When I mentioned changing the name of my blog to something more along the lines of the content, my good friend Nadine said, “Maybe you could just do what is easy right now.” Wow! That’s a radical concept…and a recurring theme as I attend The Artist’s Way class I entered into seven weeks ago now. A recurring theme as I spend sleepless nights in pain, unable to get comfortable enough to sleep more than a few minutes at a time.

Maybe I could learn to be a little easier on myself…maybe I can stop making everything so darn hard all the time. In the middle of the night, awake on my back because my hips hurt too much to lay on either side, the voice that often whispers in my sleep said, “How can NOT SICK serve you better?”
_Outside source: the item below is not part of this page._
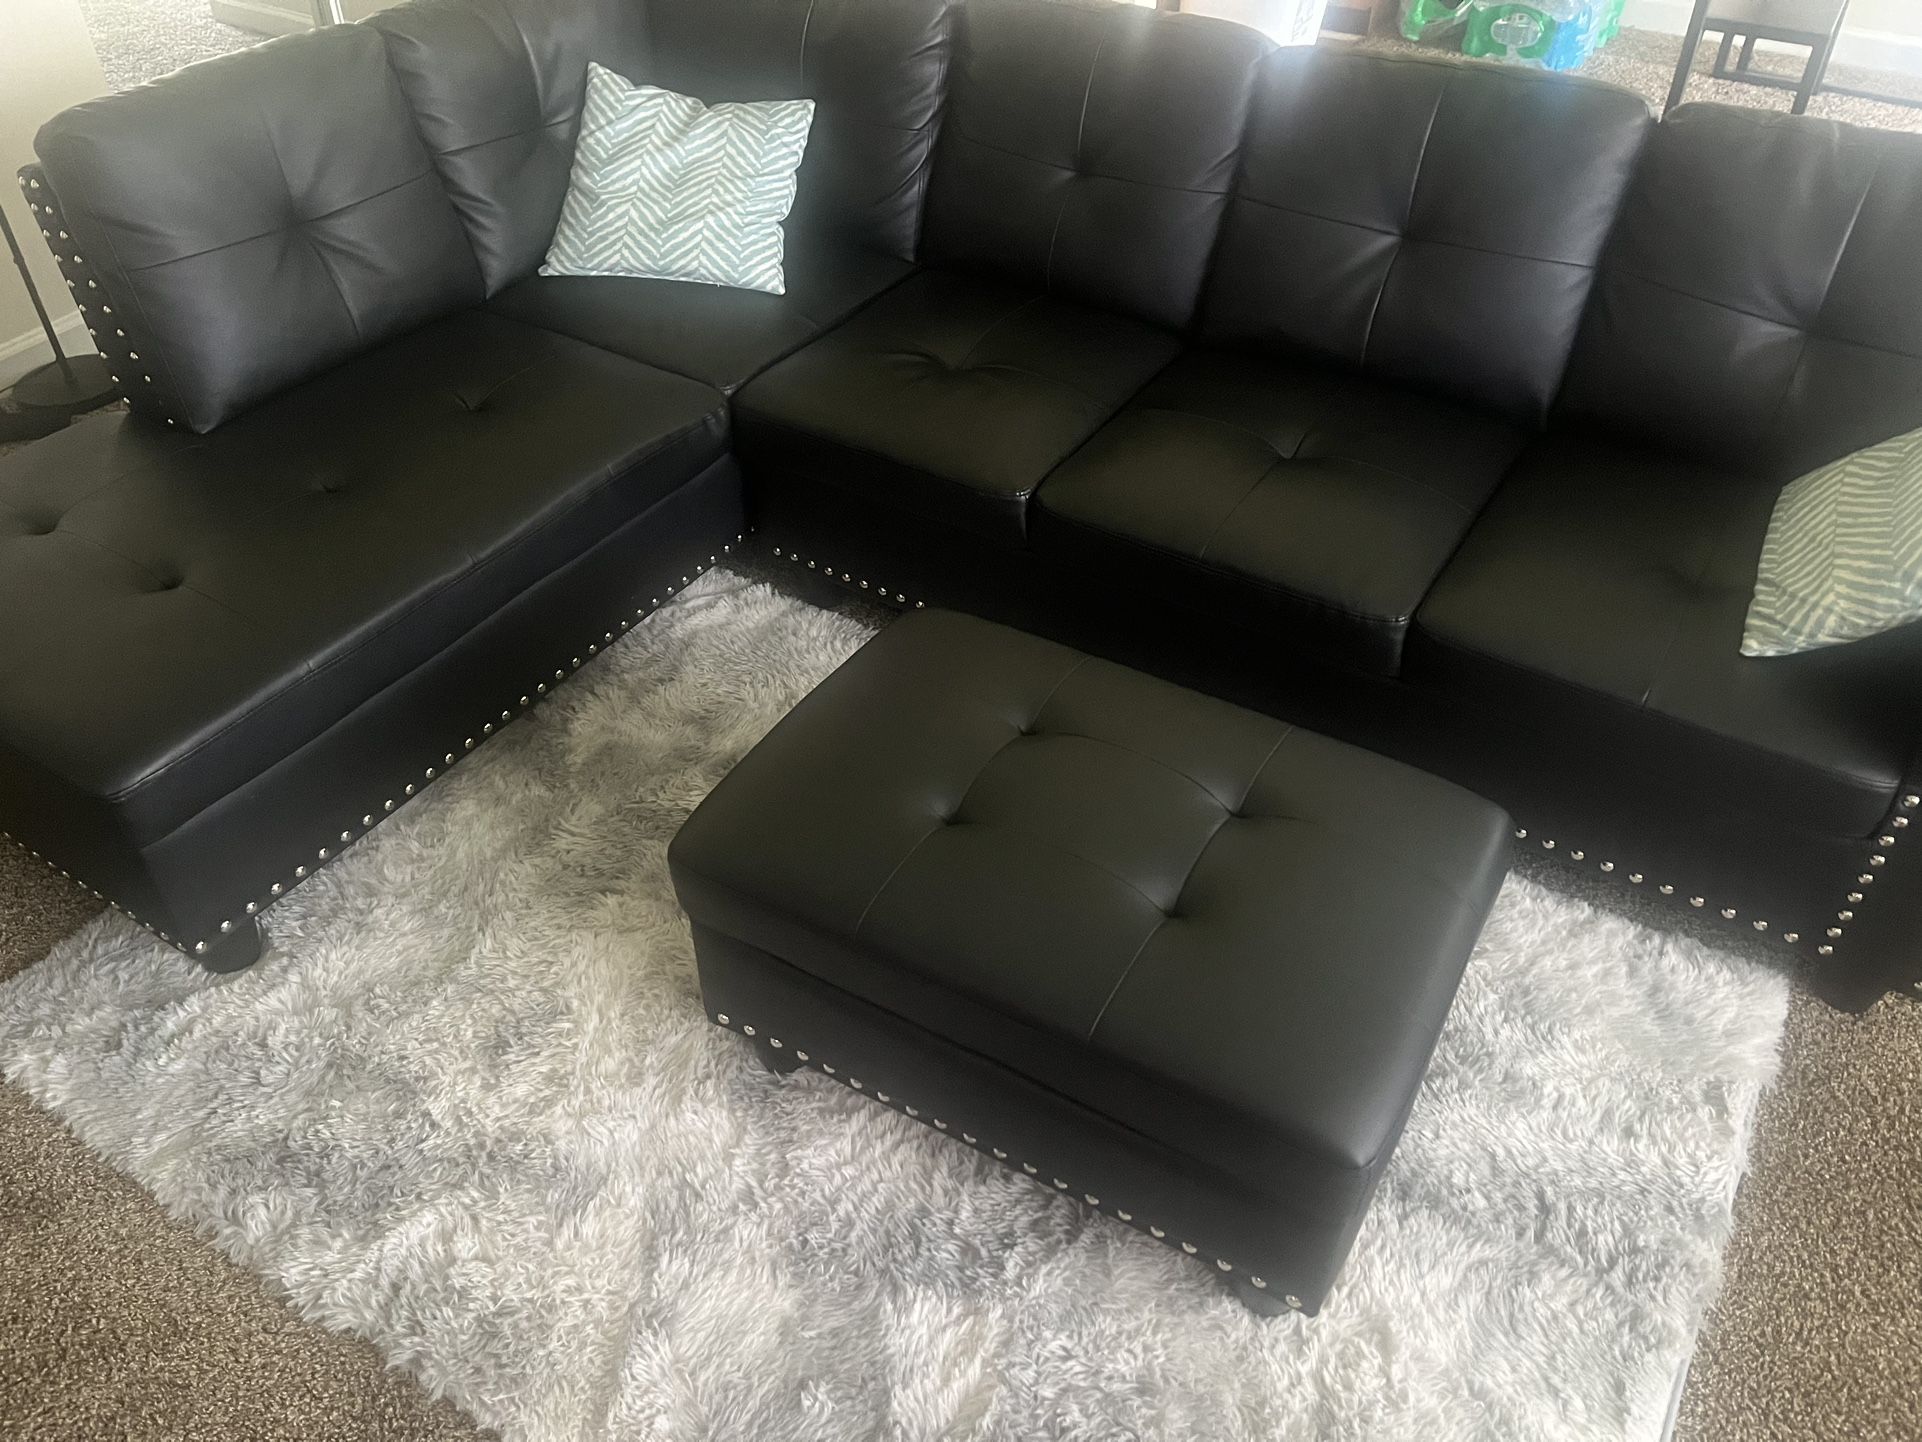 New Couch With Cup Holders And Ottoman

Interestingly, this little voice always speaks in funny ways…It didn’t say “How can wellness serve you better?” That would have meant the same thing, but “the voice” doesn’t work that way- it says things in such a weird way as to get my attention…so that I have to think about it.

And so, I began to write my Morning Pages (a daily task in The Artist’s Way), determined to write until the pain and anxiety passed, which it did around 1535 words later! This stuff works. It’s that simple.

And here I write completely pain free and in the moment- in a state of complete peace, relaxation and so very in love with my life…and, no – I haven’t had any drugs!

From the state I sit in here, now, it is obvious that, as Lao Tze said, Easy is right, and Right is easy.

So maybe I’m crazy…but I’m goin’ with easy today. I’m going to be easy with myself, with my precious life. It’s no coincidence I’ve come and I can die when I’m done…Thank You for the reminder, Cee-Lo:

While You’re In The World…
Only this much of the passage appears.